Liqin Zhao, Ph.D. and colleagues have found that a protein known as insulin-degrading enzyme (IDE) may serve as a link between menopause, and the increased risk for Alzheimer's disease. They have found that IDE degrades beta-amyloid, a protein fragment strongly implicated in Alzheimer pathology. Furthermore, the researchers have found that decreased levels of estradiol, such as occurs during menopause, reduce the expression of IDE, potentially reducing the ability of the brain to dispose of beta-amyloid.

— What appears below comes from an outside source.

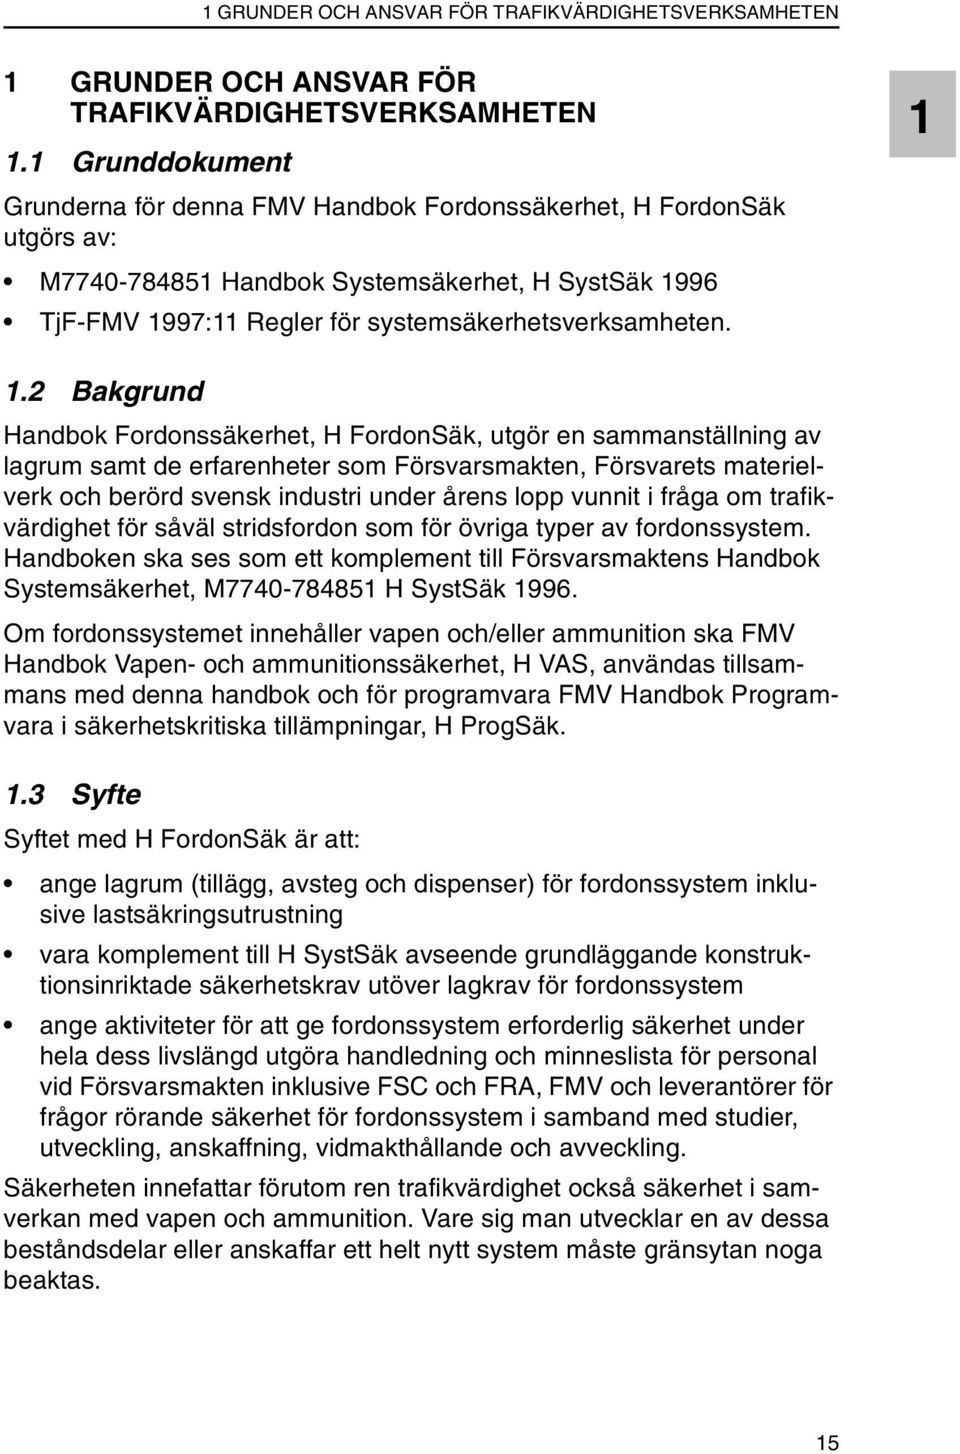 2 Bakgrund Handbok Fordonssäkerhet, H FordonSäk, utgör en sammanställning av lagrum samt de erfarenheter som Försvarsmakten, Försvarets materielverk och berörd svensk industri under årens lopp vunnit

Dr. Zhao and colleagues have proposed to study how estrogen regulates levels of IDE in the brain, and how such regulation influences the risk of Alzheimer pathology. The researchers will use mice that have been genetically altered to express different estrogen receptors in order to examine which estrogen receptor controls expression of IDE. They will also test how another gene that affects the risk for Alzheimer's disease, known as ApoE, influences the regulation of IDE levels by estrogen. Finally, using mice genetically altered to express Alzheimer-like pathology, Dr. Zhao's team will test whether treatment of the mice with estrogen increases IDE levels, and whether that effect slows or prevents the development of Alzheimer-like pathology. These studies will advance our understanding of the potential role of estrogen in protecting the brain from disease.